Records to process:
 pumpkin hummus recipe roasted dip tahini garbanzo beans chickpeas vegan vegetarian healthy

--

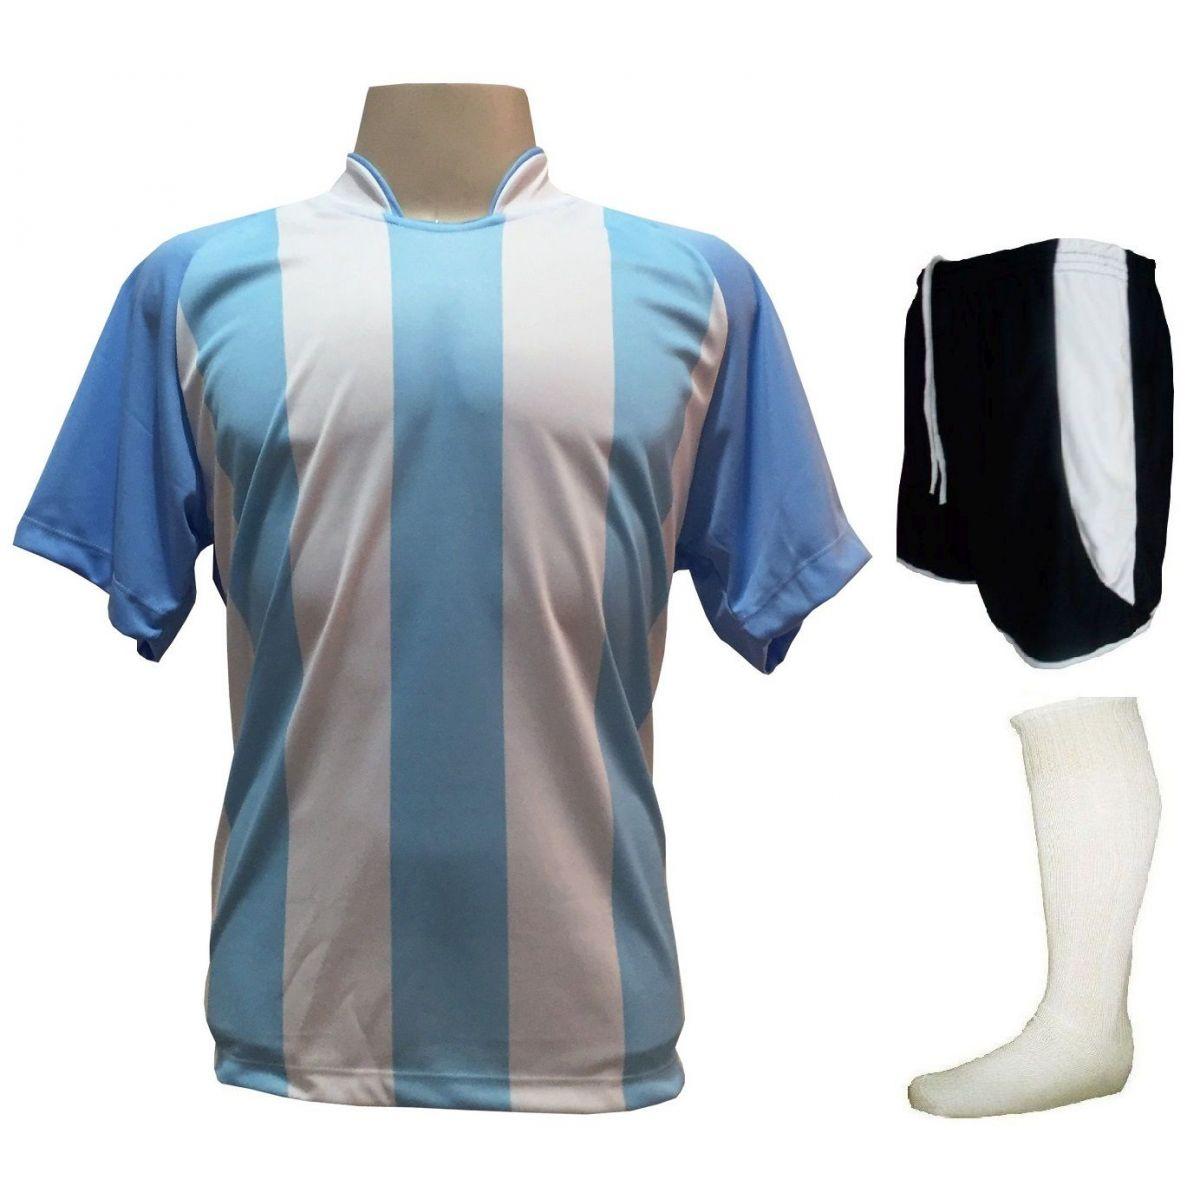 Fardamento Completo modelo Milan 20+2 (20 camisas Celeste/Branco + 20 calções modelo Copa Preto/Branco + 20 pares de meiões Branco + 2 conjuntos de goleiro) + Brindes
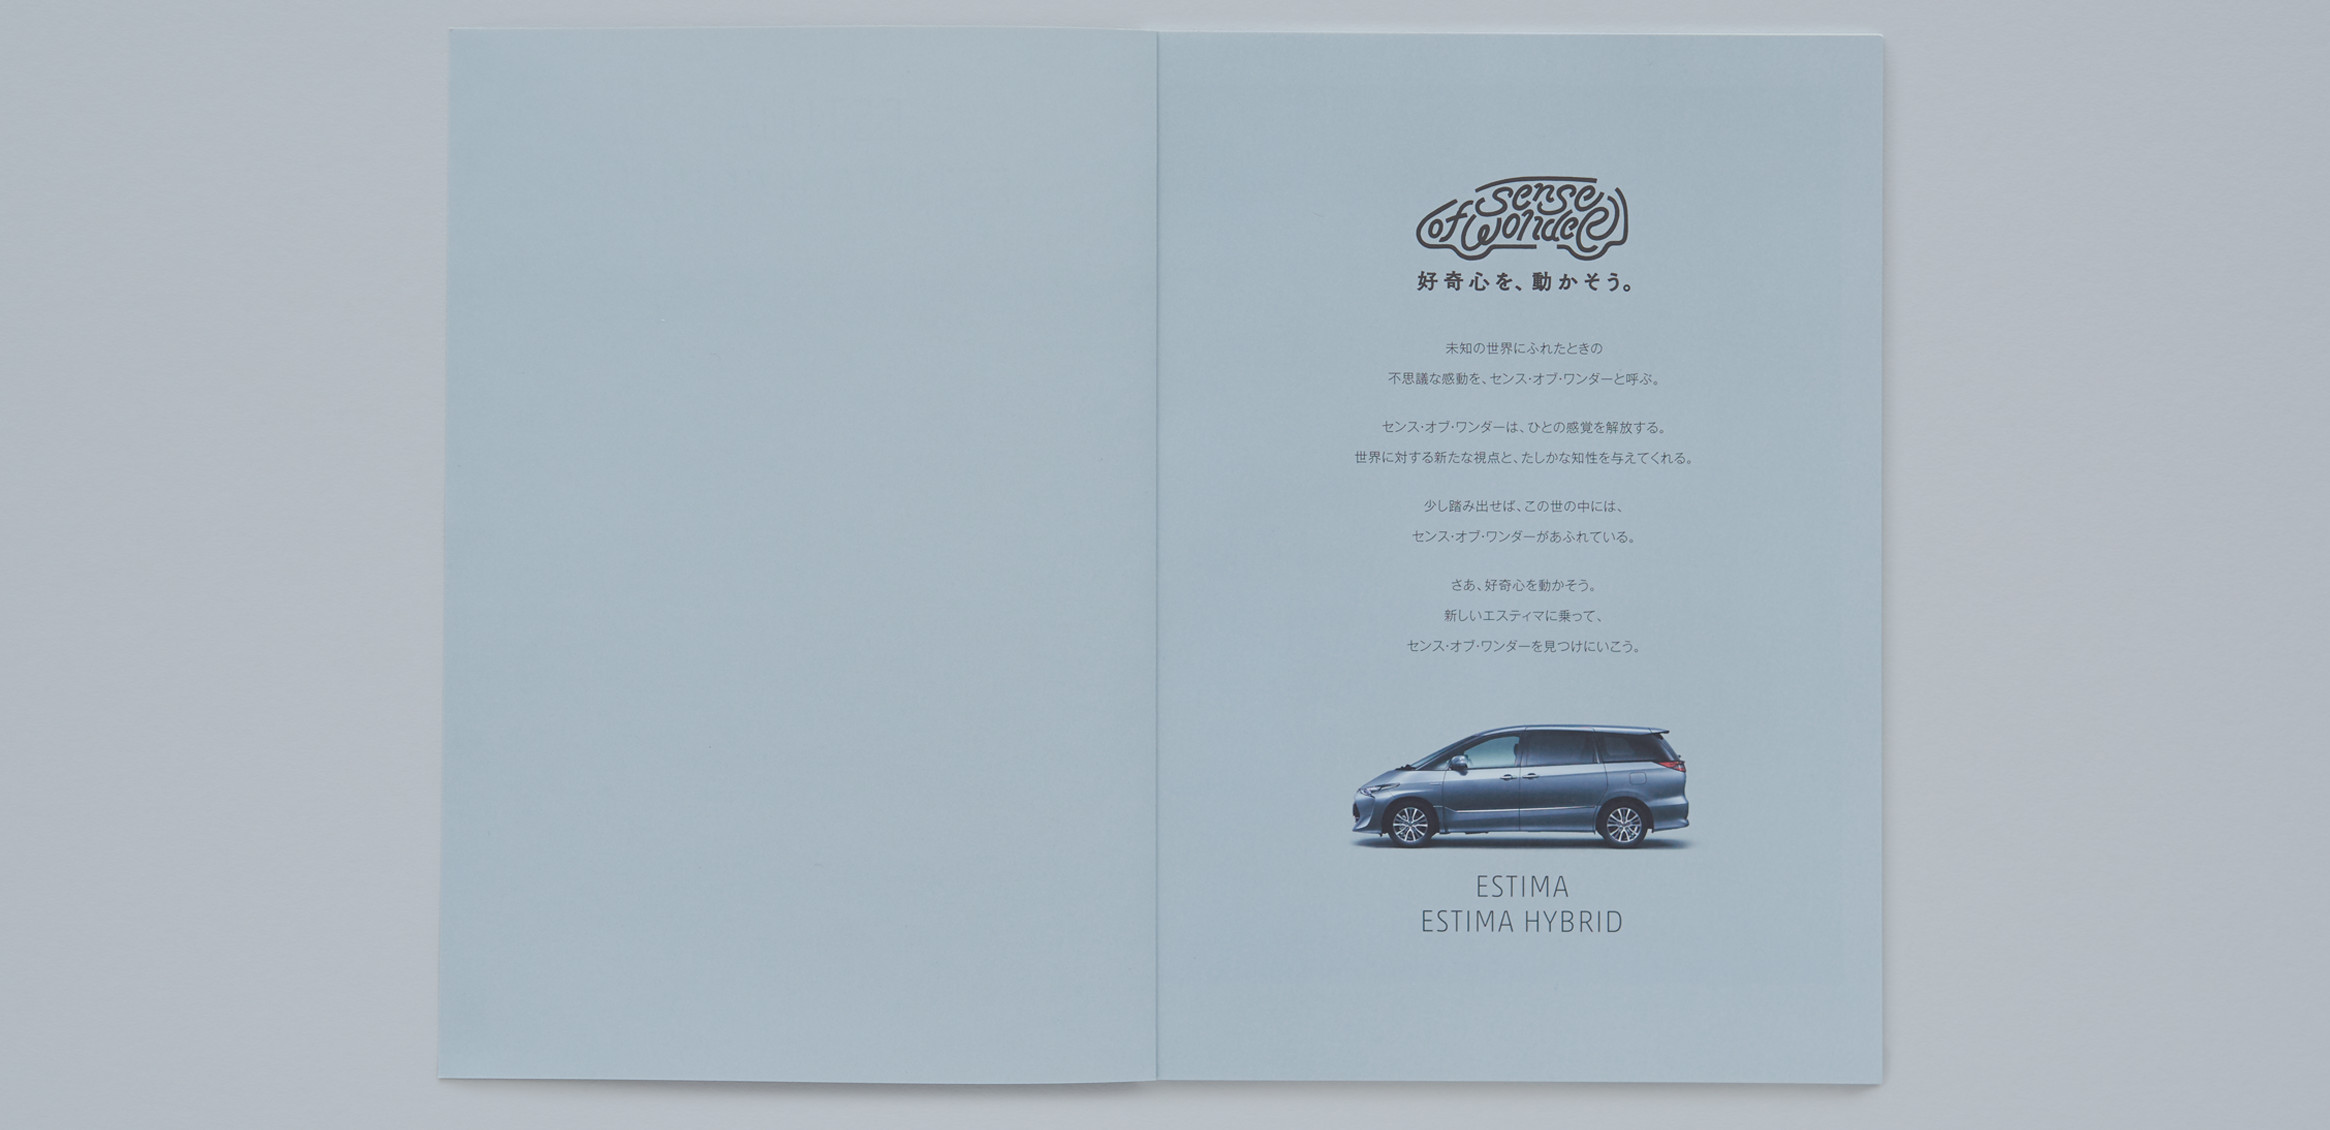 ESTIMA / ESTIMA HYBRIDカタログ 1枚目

Work order:
Above are some entries. Restate word for word the lines from the one holding "Fardamento Completo modelo" through the one holding "ESTIMA / ESTIMA HYBRIDカタログ 1枚目", but not the pictures.

Solution for this exercise:
 Fardamento Completo modelo Milan 20+2 (20 camisas Celeste/Branco + 20 calções modelo Copa Preto/Branco + 20 pares de meiões Branco + 2 conjuntos de goleiro) + Brindes
 ESTIMA / ESTIMA HYBRIDカタログ 1枚目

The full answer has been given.